My implementation uses GMainContext “outside” of the actor pool (so things look like a regular GLib API) but there’s a choice of GMainContext or libev “inside” the actor pool. GMainContext can’t be used directly from actors. Unfortunately, GMainContext doesn’t perform well enough for server-side applications, for example this bug, and actors need a custom API to add event sources in any case because the sources have to be associated with the actor.

Have fun!

This is just a code doodle, figured I should put it out there since I spent time on it. I hope the code or the ideas are useful to someone.

The Task (aka actor) implementation is pretty solid though, I believe, and I’d encourage trying it out if you have an appropriate application.

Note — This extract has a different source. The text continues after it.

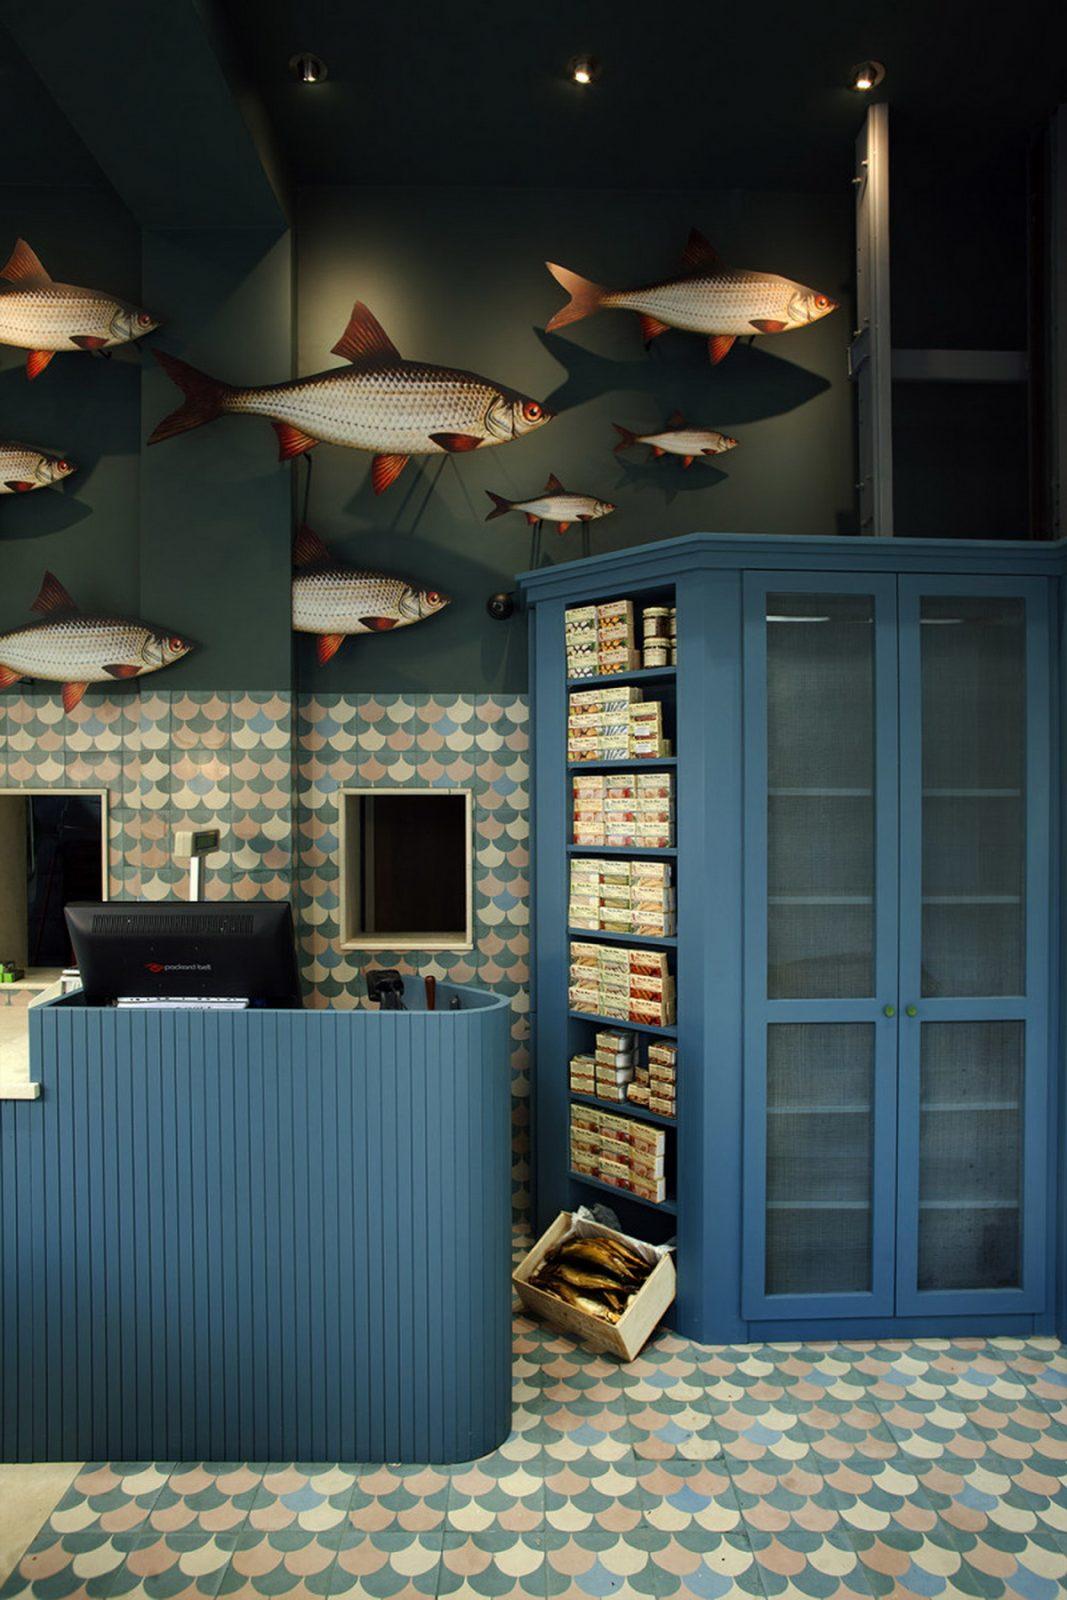 DECORATIVE MURAL IN A FISH SHOP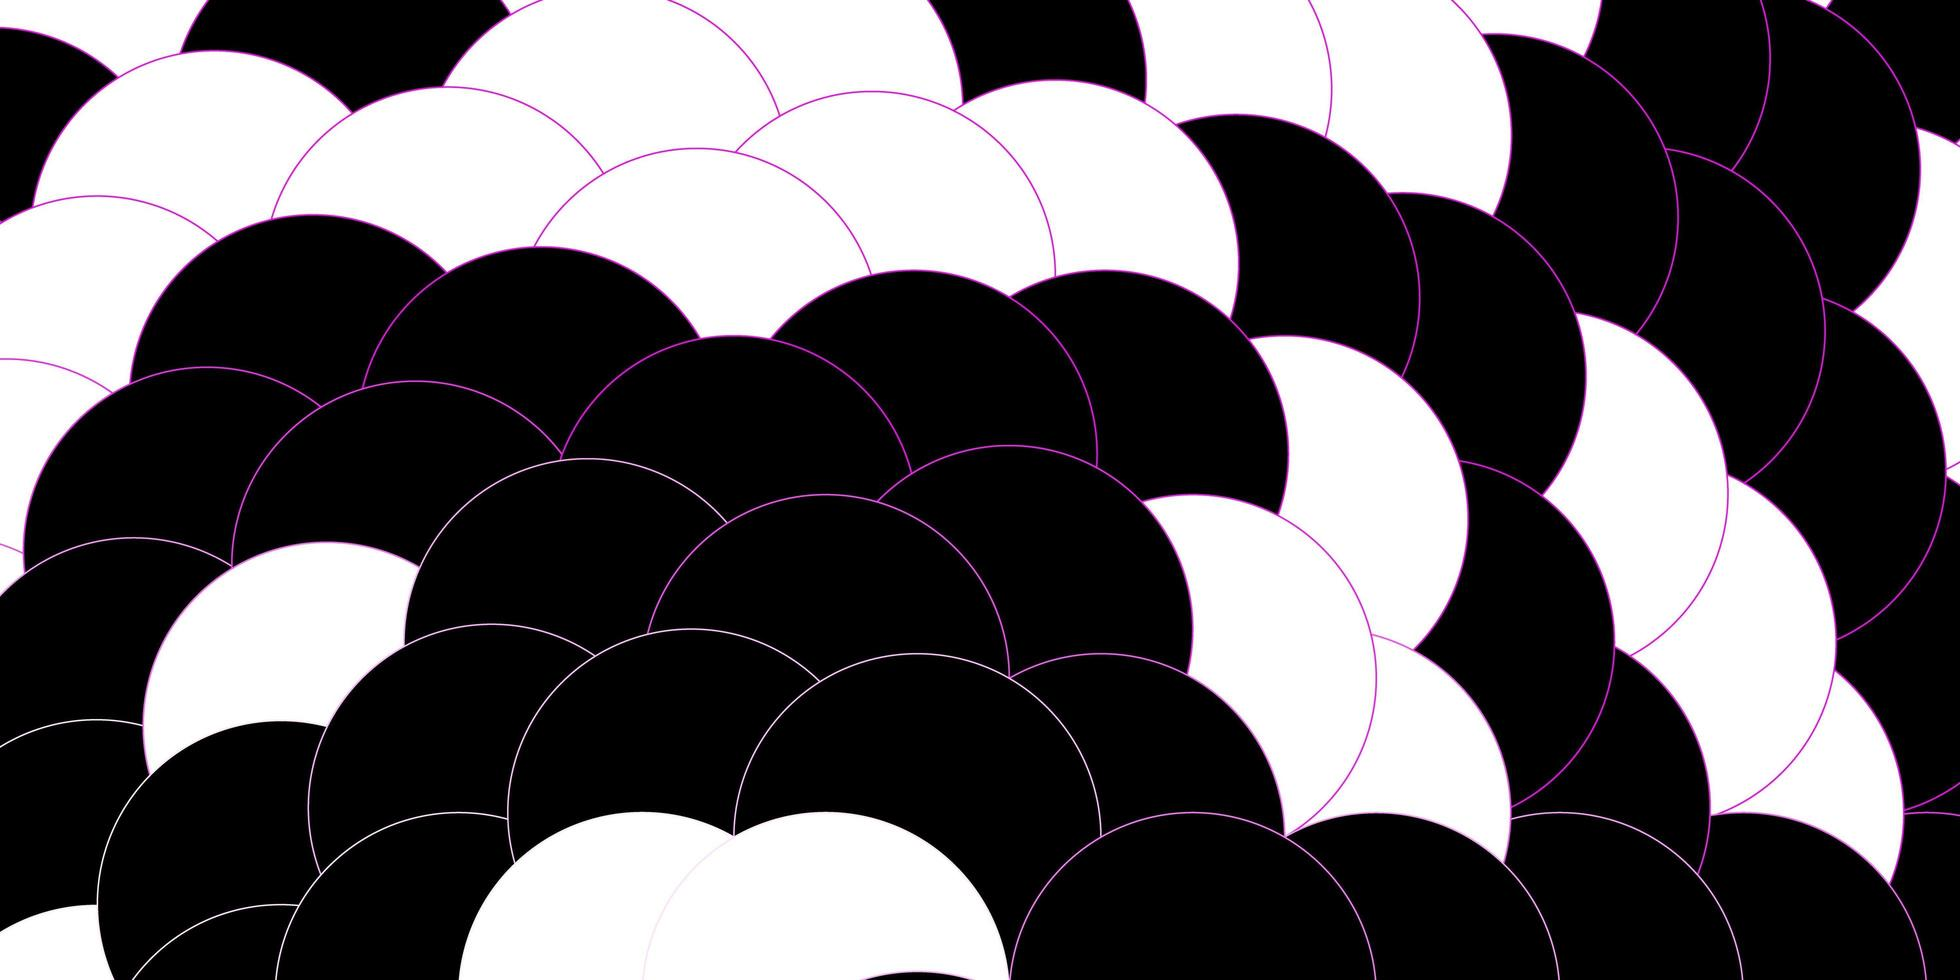 dunkelviolettes, rosa Vektorlayout mit Kreisformen. vektor

My Twitter account is @havocp.

Interested in becoming a better software developer? Sign up for my email list and I'll let you know when I write something new.

Published: November 28, 2010

Filed Under: Uncategorized

Tags: tech

26 Responses to “A Sequential, Actor-like API for Server-side JavaScript”

Joe Shaw says:

November 28, 2010 at 2:25 pm

I was also under the impression that v8 didn’t support generators. Have a link for that? This thread from Feb 2009 implies that they weren’t going to add them, at least until JavaScriptCore did:

http://markmail.org/message/ju7h5gfr7rrj3t6m

Reply
Tack says:

November 28, 2010 at 3:01 pm

This approach is indeed very convenient. I’ve been doing it in Python for some time.

See http://doc.freevo.org/api/kaa/base/async/coroutines.html

Reply
Aria Stewart says:

November 28, 2010 at 3:27 pm

The downsides are that you have to store relatively large amounts of state for each yield — an entire set of closures that might otherwise be freed if you let things be divided into whole functions.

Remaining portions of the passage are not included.